▸ Provided material
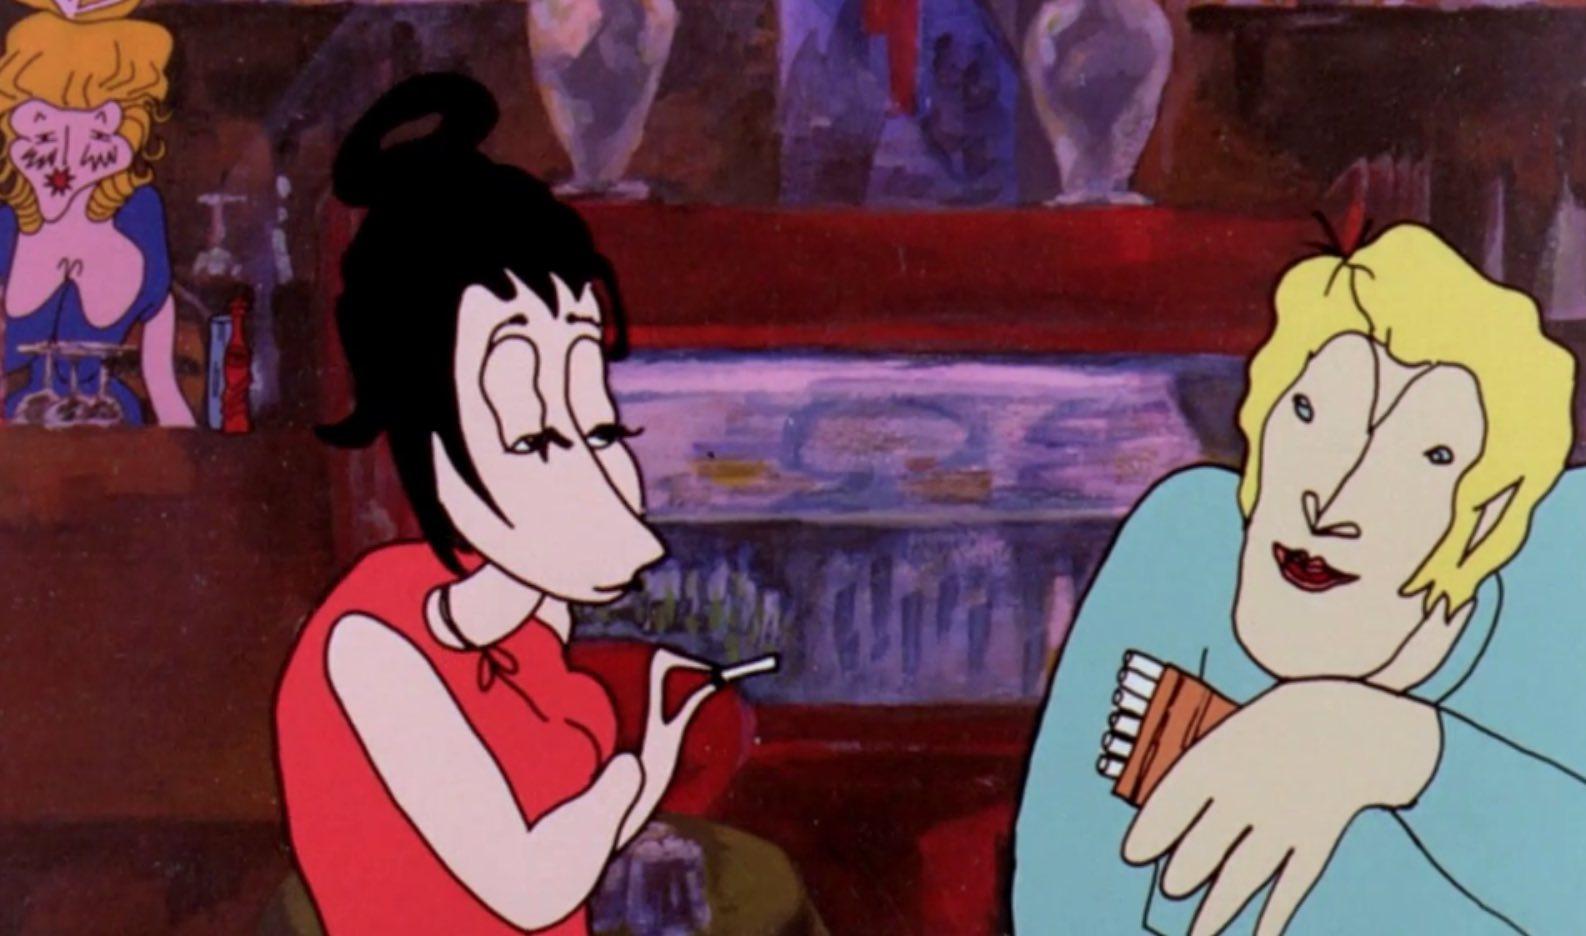 Gyorgy Kovasznai's Nights in the Boulevard Ruben Brandt animation Hungarian
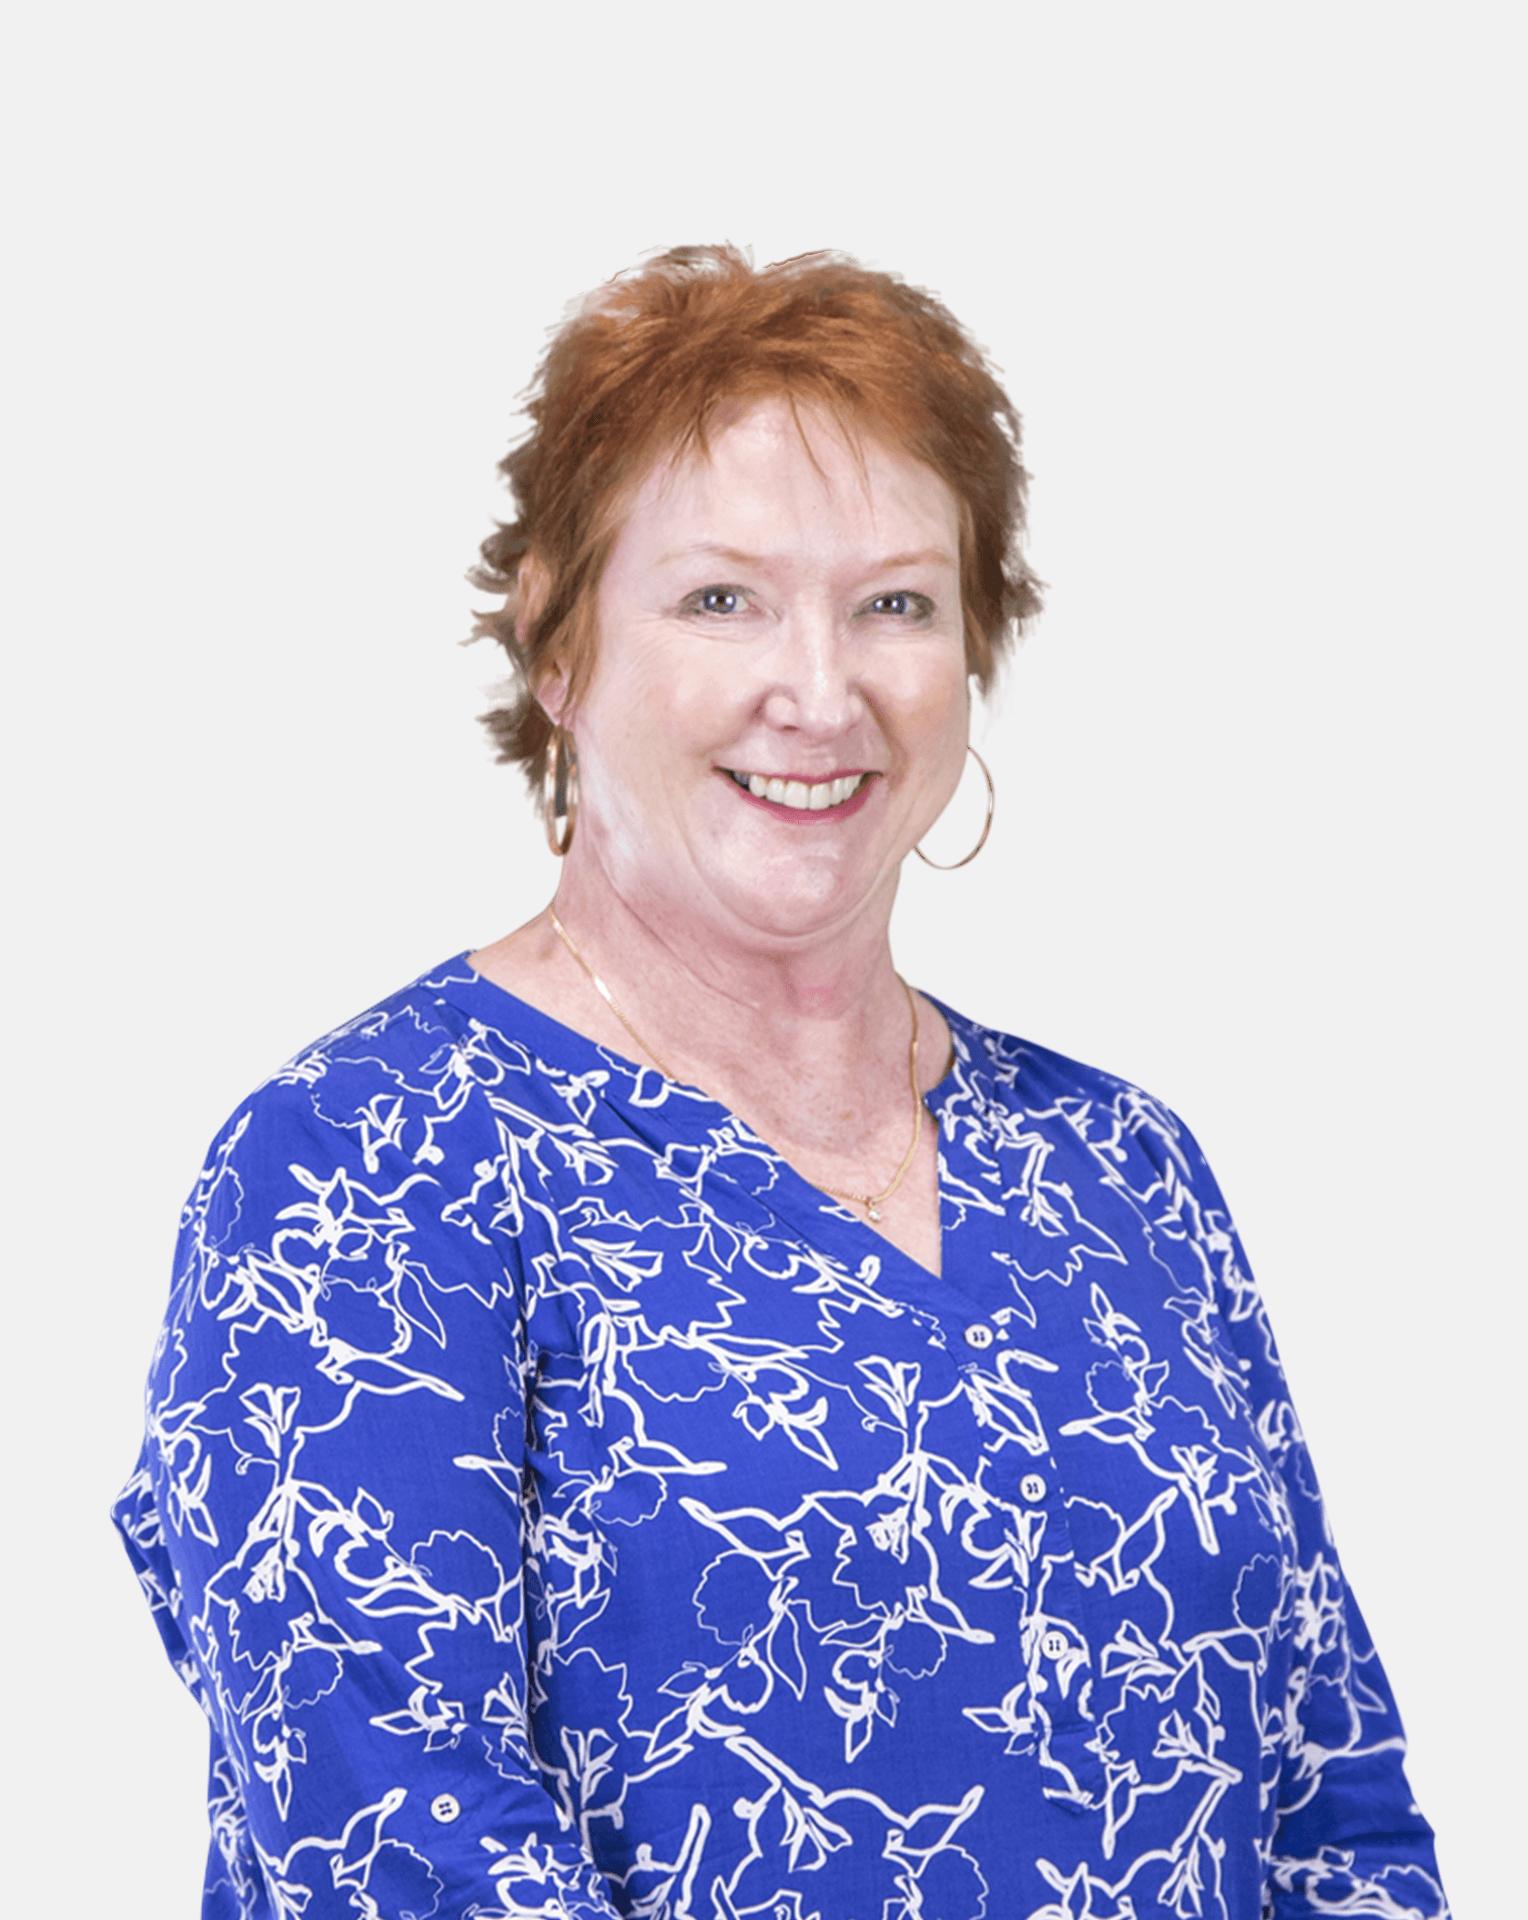 Elaine Glover
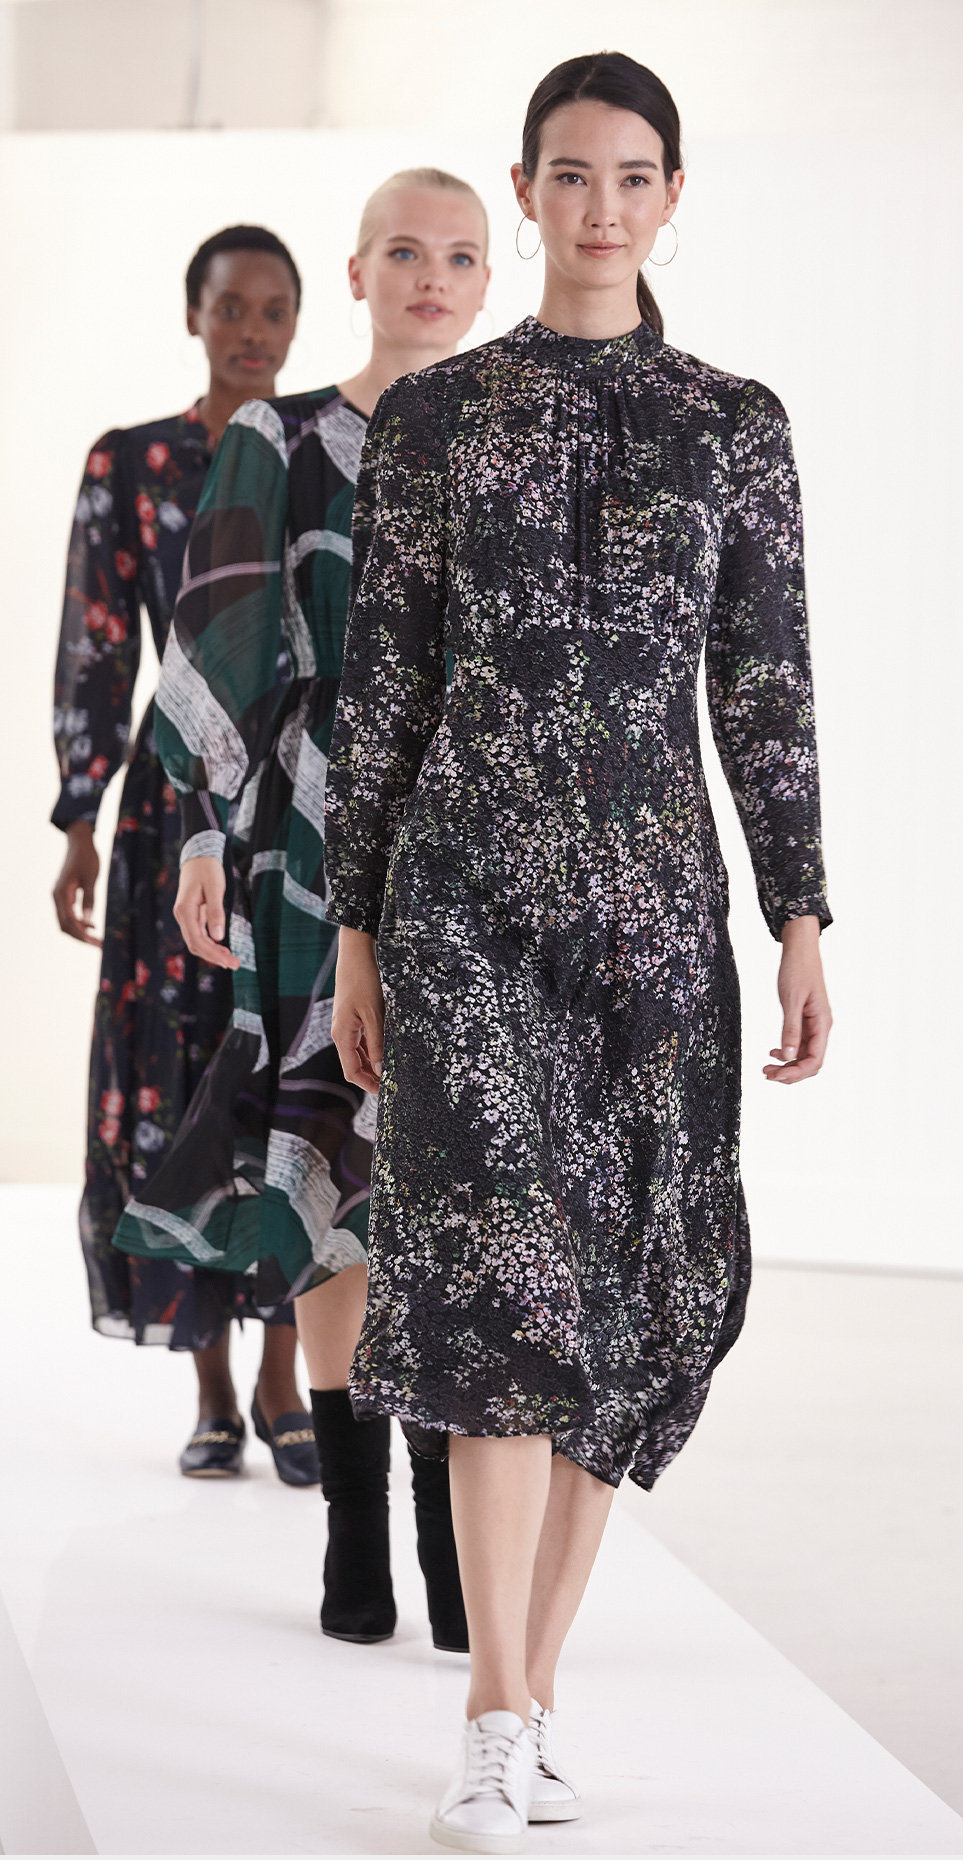 Elinore Printed Burnout Dress £140
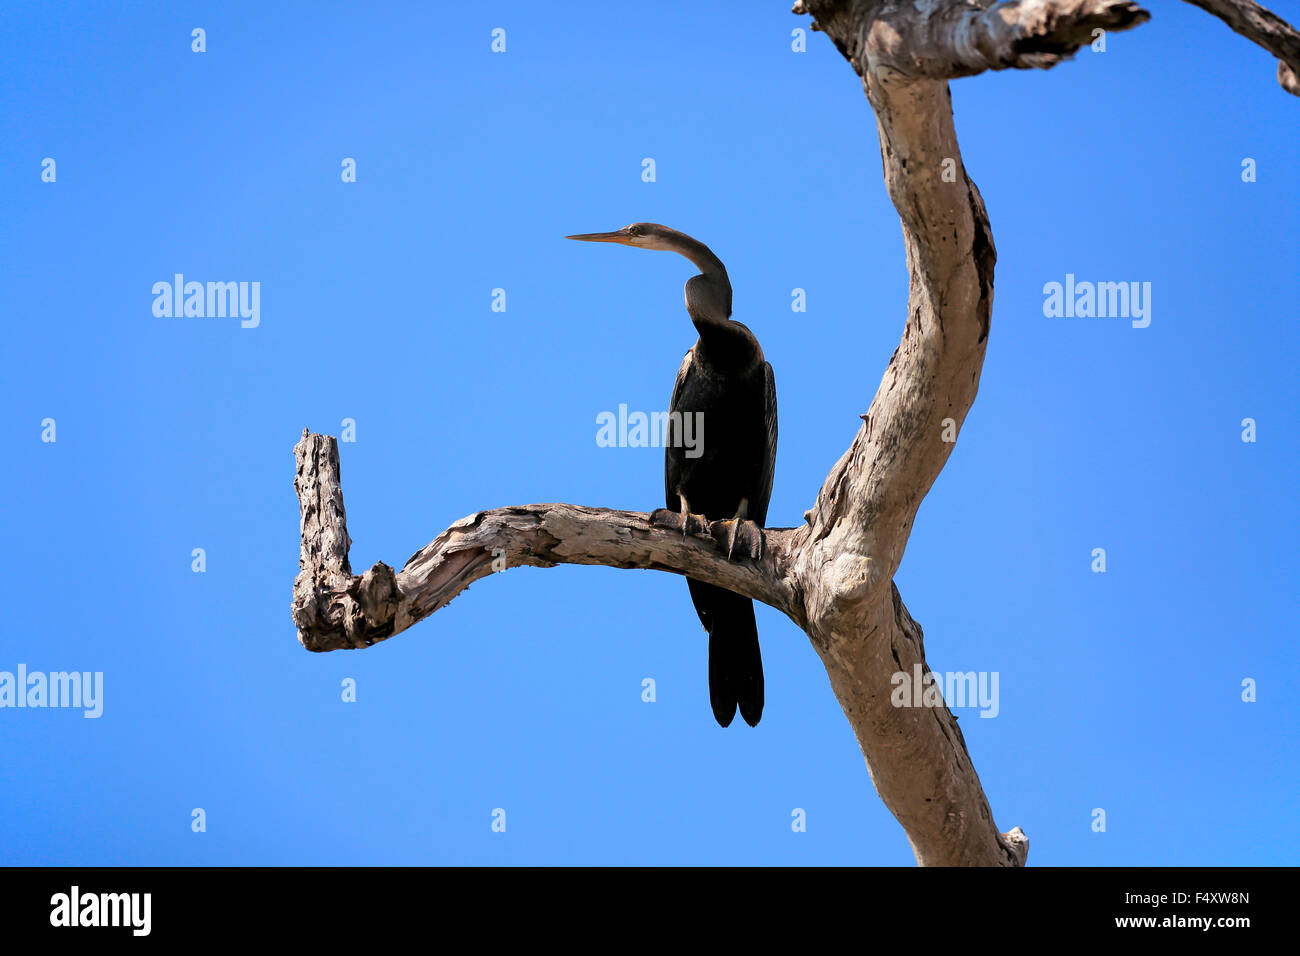 Oriental darter (Anhinga melanogaster), adult, on the lookout, Bundala National Park, Sri Lanka - Stock Image

▸ Task requirements
Repeat the data word for word, excluding any image.

▸ Result of this task
 Gyorgy Kovasznai's Nights in the Boulevard Ruben Brandt animation Hungarian
 Elaine Glover
 Elinore Printed Burnout Dress £140
 Oriental darter (Anhinga melanogaster), adult, on the lookout, Bundala National Park, Sri Lanka - Stock Image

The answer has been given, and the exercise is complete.